(Supplied data begins)
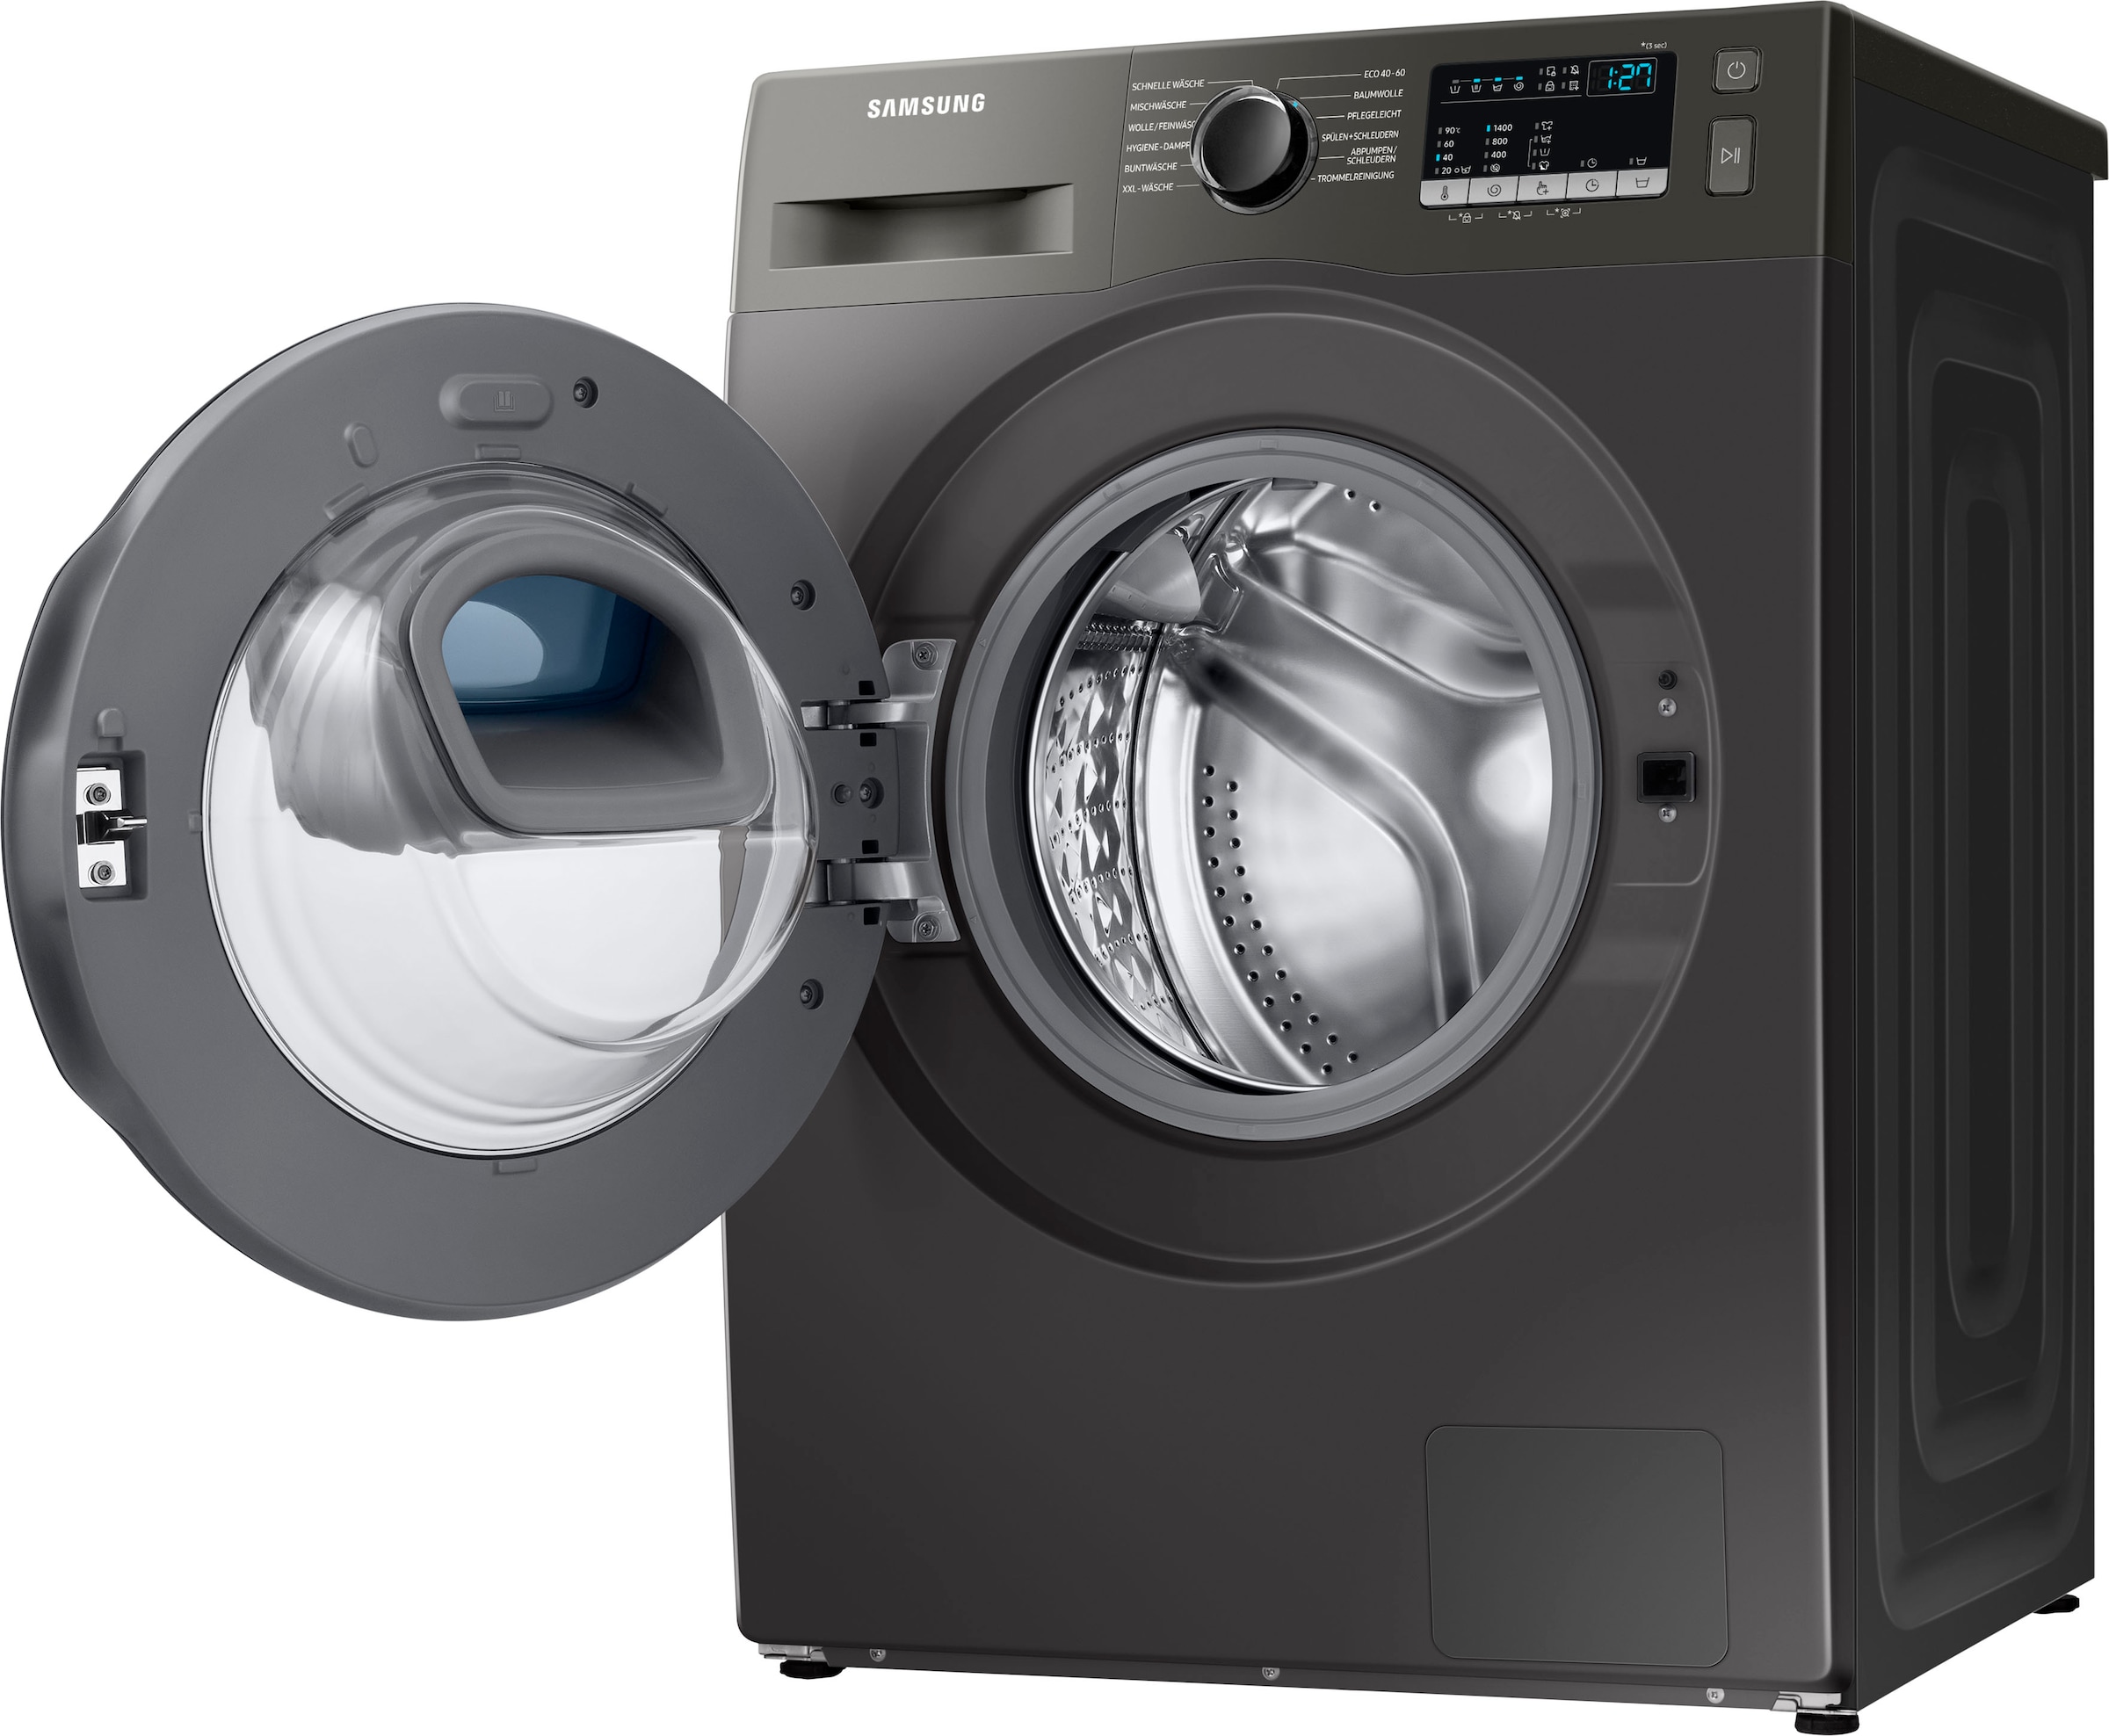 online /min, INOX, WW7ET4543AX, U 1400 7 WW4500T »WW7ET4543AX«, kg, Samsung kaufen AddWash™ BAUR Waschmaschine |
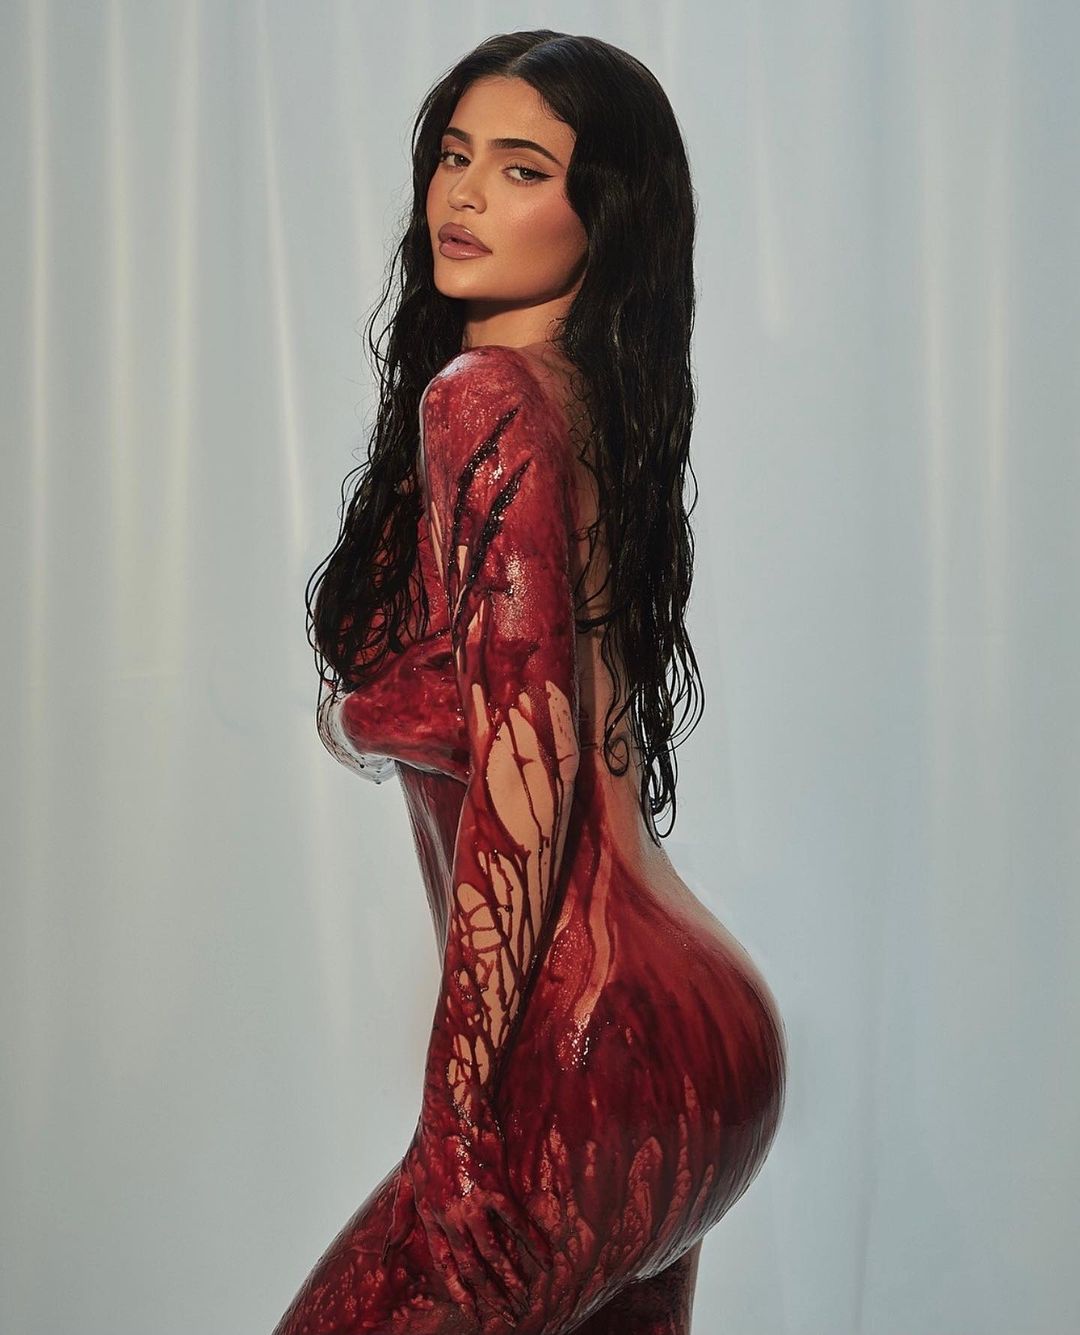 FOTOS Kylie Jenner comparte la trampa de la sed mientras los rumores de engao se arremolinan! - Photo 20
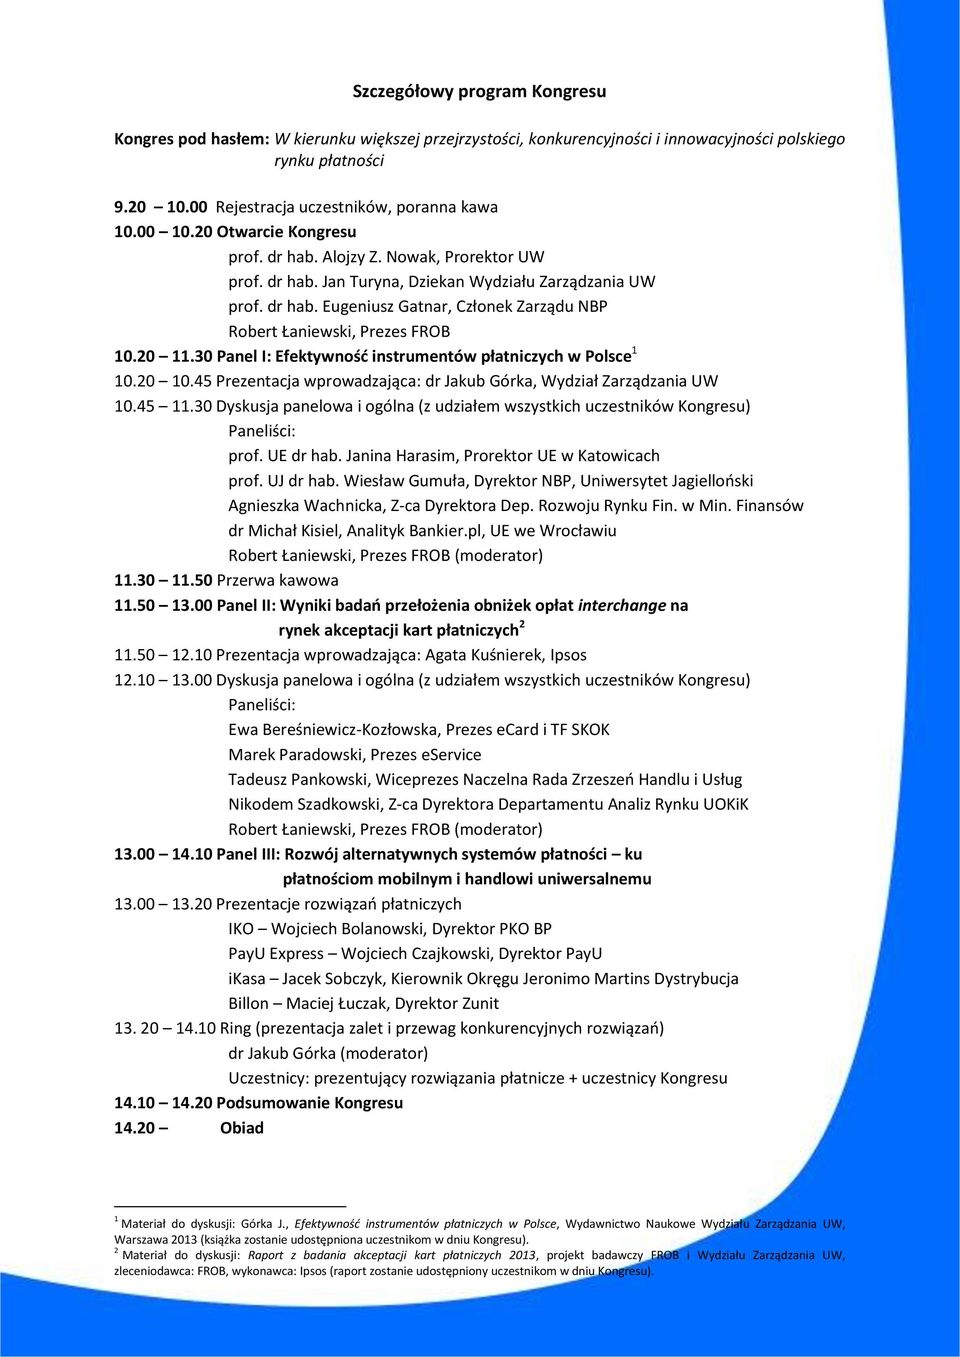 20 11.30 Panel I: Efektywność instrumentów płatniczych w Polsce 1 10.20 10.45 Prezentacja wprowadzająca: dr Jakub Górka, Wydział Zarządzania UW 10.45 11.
(Supplied data ends)
What the exercise asks :: Without the pictures, repeat the listing exactly as it reads.

Written solution ::
 online /min, INOX, WW7ET4543AX, U 1400 7 WW4500T »WW7ET4543AX«, kg, Samsung kaufen AddWash™ BAUR Waschmaschine |
 FOTOS Kylie Jenner comparte la trampa de la sed mientras los rumores de engao se arremolinan! - Photo 20
 20 11.30 Panel I: Efektywność instrumentów płatniczych w Polsce 1 10.20 10.45 Prezentacja wprowadzająca: dr Jakub Górka, Wydział Zarządzania UW 10.45 11.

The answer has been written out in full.